Node "ip-10-234-8-208.ec2.internal":
Successful actions: 1/1
Node "ip-10-170-59-28.ec2.internal":
Successful actions: 1/1
Node "ip-10-232-42-58.ec2.internal":
Successful actions: 1/1
For a concise overview of all of the available commands, view the
Anaconda for cluster management Cheat Sheet
.
Installing packages from channels¶
You can install packages from Anaconda Cloud or from an
Anaconda Repository installation by adding the --channel/-c
option. For
example, to install the apache-libcloud package from the anaconda-cluster
channel:
$ acluster conda install -c https://conda.anaconda.org/anaconda-cluster apache-libcloud
Installing (u'apache-libcloud',) on cluster "demo_cluster"
Node "ip-10-136-80-92.ec2.internal":
Successful actions: 1/1
Node "ip-10-63-173-62.ec2.internal":
Successful actions: 1/1
$ acluster conda list | grep apache-libcloud
- 'apache-libcloud: 0.16.0 (py27_0)'
List of remote conda commands¶
The following conda commands are available in Anaconda for cluster management:
acluster conda install
– Install package(s)acluster conda update
– Update package(s)acluster conda remove
– Remove package(s)acluster conda list
– List package(s)acluster conda create
– Create conda environmentacluster conda info
– Display information about current conda installacluster conda push
– Push conda environment to cluster
For more information about conda, refer to the conda documentation.
Example remote conda commands¶
Install conda packages¶
Any conda package can be installed on a cluster managed by Anaconda for cluster management:
$ acluster conda install numpy
Node "ip-10-136-80-92.ec2.internal":
Successful actions: 1/1
Node "ip-10-63-173-62.ec2.internal":
Successful actions: 1/1
Verify that the package was installed using the list
command:
$ acluster conda list
All nodes (x2) response:
...
- 'numpy: 1.9.2 (py27_0)'
...
You may also install multiple conda packages with a single command:
$ acluster conda install scipy pandas scikit-learn
Node "ip-10-136-80-92.ec2.internal":
Successful actions: 3/3
Node "ip-10-63-173-62.ec2.internal":
Successful actions: 3/3
$ acluster conda list
All nodes (x2) response:
...
- 'pandas: 0.16.1 (np19py27_0)'
...
- 'scikit-learn: 0.16.1 (np19py27_0)'
- 'scipy: 0.15.1 (np19py27_0)'
...
Note: It is recommended that you install all of the packages you want at once.

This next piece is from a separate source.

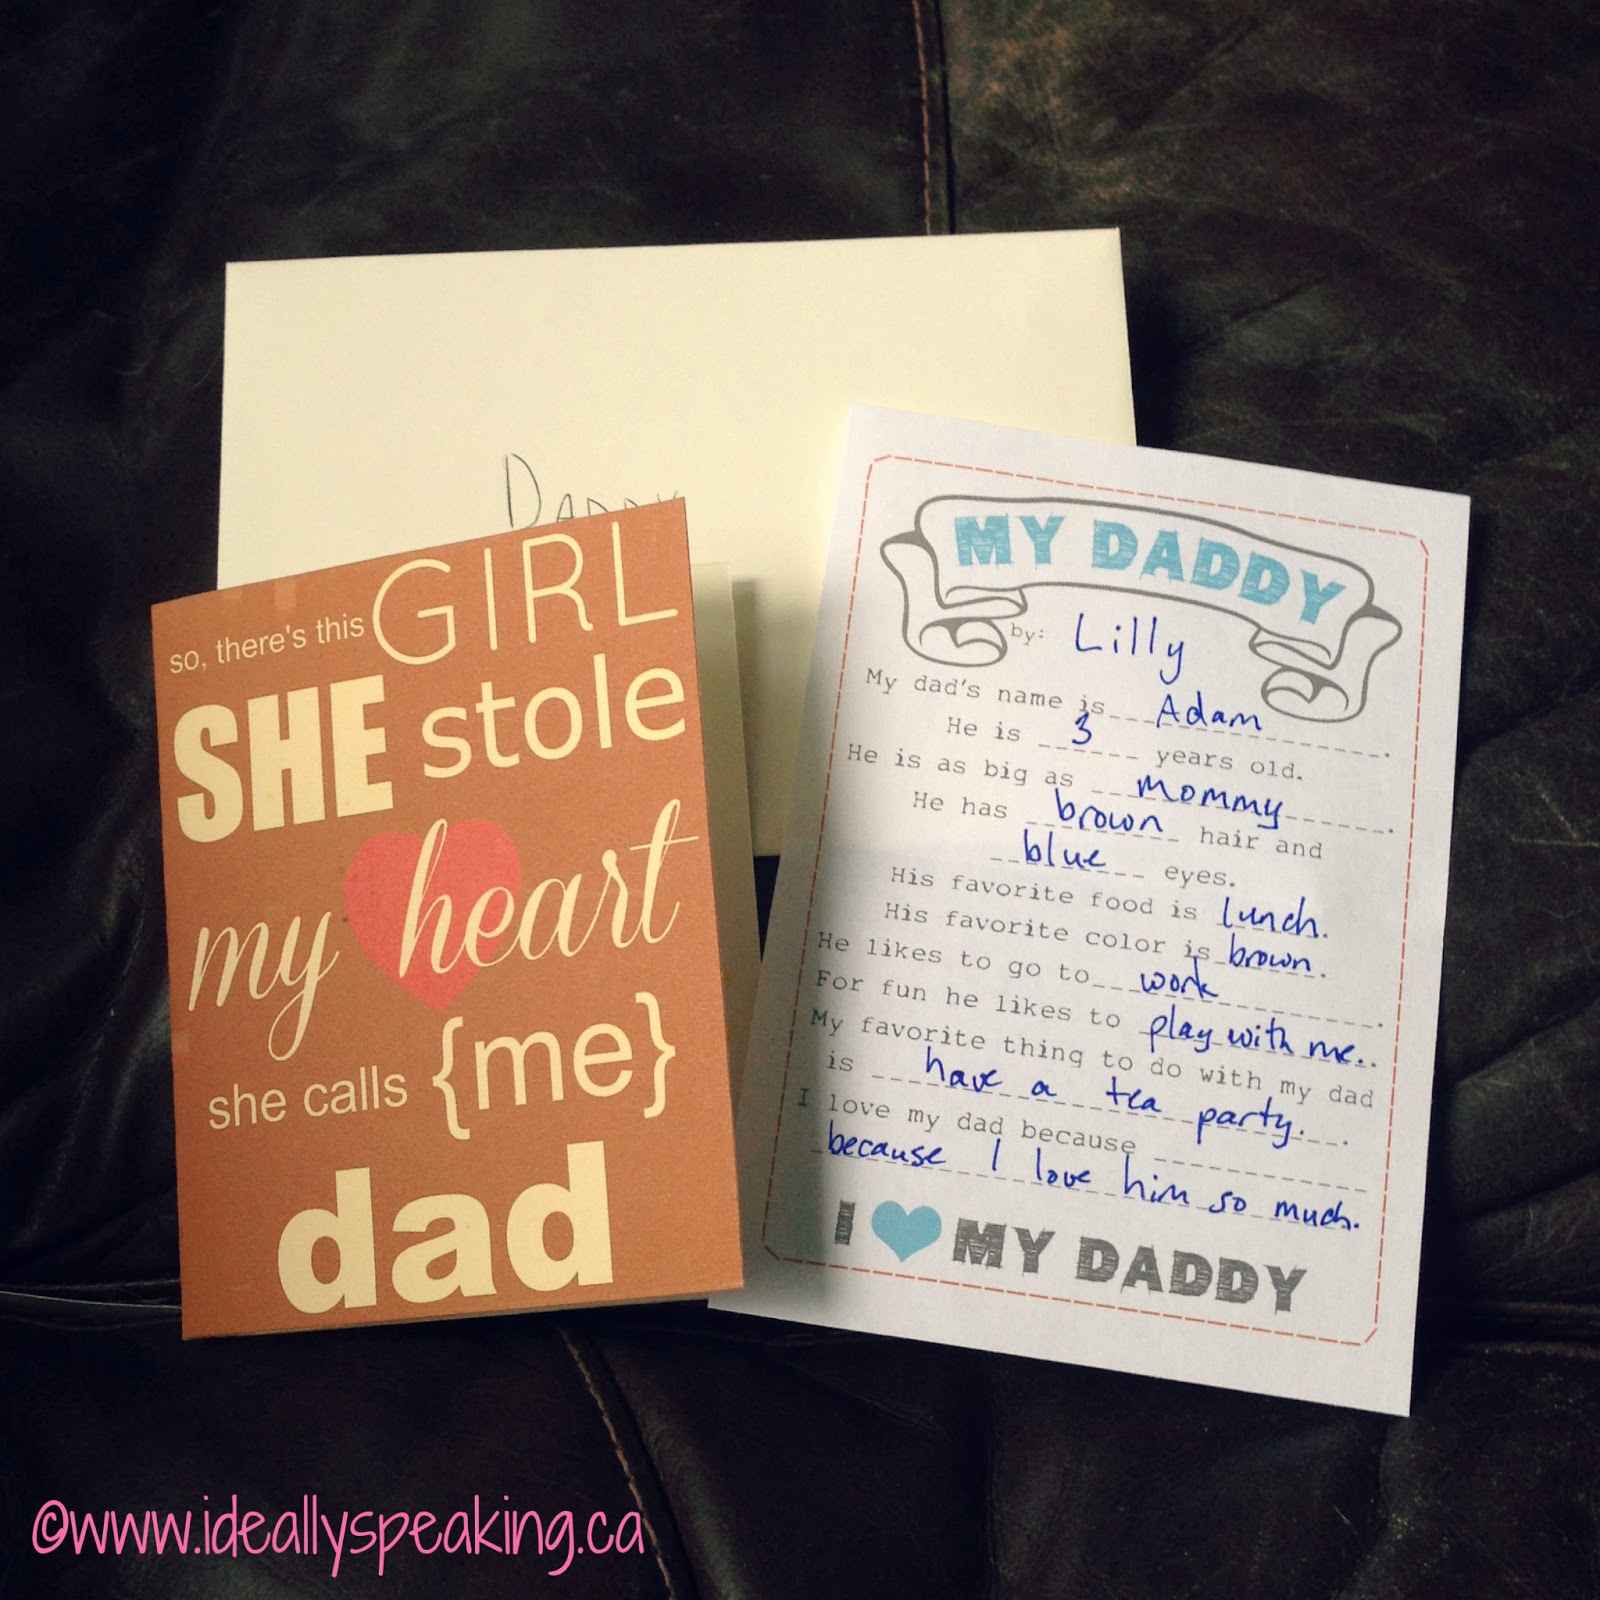 Father's Day Printables

Installing one package at a time can result in dependency conflicts.
List conda packages¶
A useful conda command to run on a cluster is to list the packages that are available on the nodes (by default all of the nodes should have the same packages):
$ acluster conda list
All nodes (x2) response:
- 'libsodium: 0.4.5 (0)'
- 'sqlite: 3.8.4.1 (1)'
- 'conda-env: 2.1.4 (py27_0)'
- 'python: 2.7.9 (3)'
...
Update conda packages¶
You can also specify which versions of conda packages to install or update:
$ acluster conda install pandas==0.13
Installing (u'pandas==0.13',) on cluster "demo_cluster"
Node "ip-10-136-80-92.ec2.internal":
Successful actions: 1/1
Node "ip-10-63-173-62.ec2.internal":
Successful actions: 1/1
$ acluster conda list | grep pandas
- 'pandas: 0.13.0 (np18py27_0)'
$ acluster conda update pandas
Updating (u'pandas',) on cluster "demo_cluster"
Node "ip-10-136-80-92.ec2.internal":
Successful actions: 1/1
Node "ip-10-63-173-62.ec2.internal":
Successful actions: 1/1
$ acluster conda list | grep pandas
- 'pandas: 0.16.1 (np19py27_0)'
Remove conda packages¶
You can remove conda packages across a cluster:
$ acluster conda remove pandas
Removing (u'pandas',) on cluster "demo_cluster"
Node "ip-10-136-80-92.ec2.internal":
Successful actions: 1/1
Node "ip-10-63-173-62.ec2.internal":
Successful actions: 1/1
$ acluster conda list | grep pandas
... NO OUTPUT ...
Create conda environments¶
You can also manage conda environments across a cluster with Anaconda for cluster management.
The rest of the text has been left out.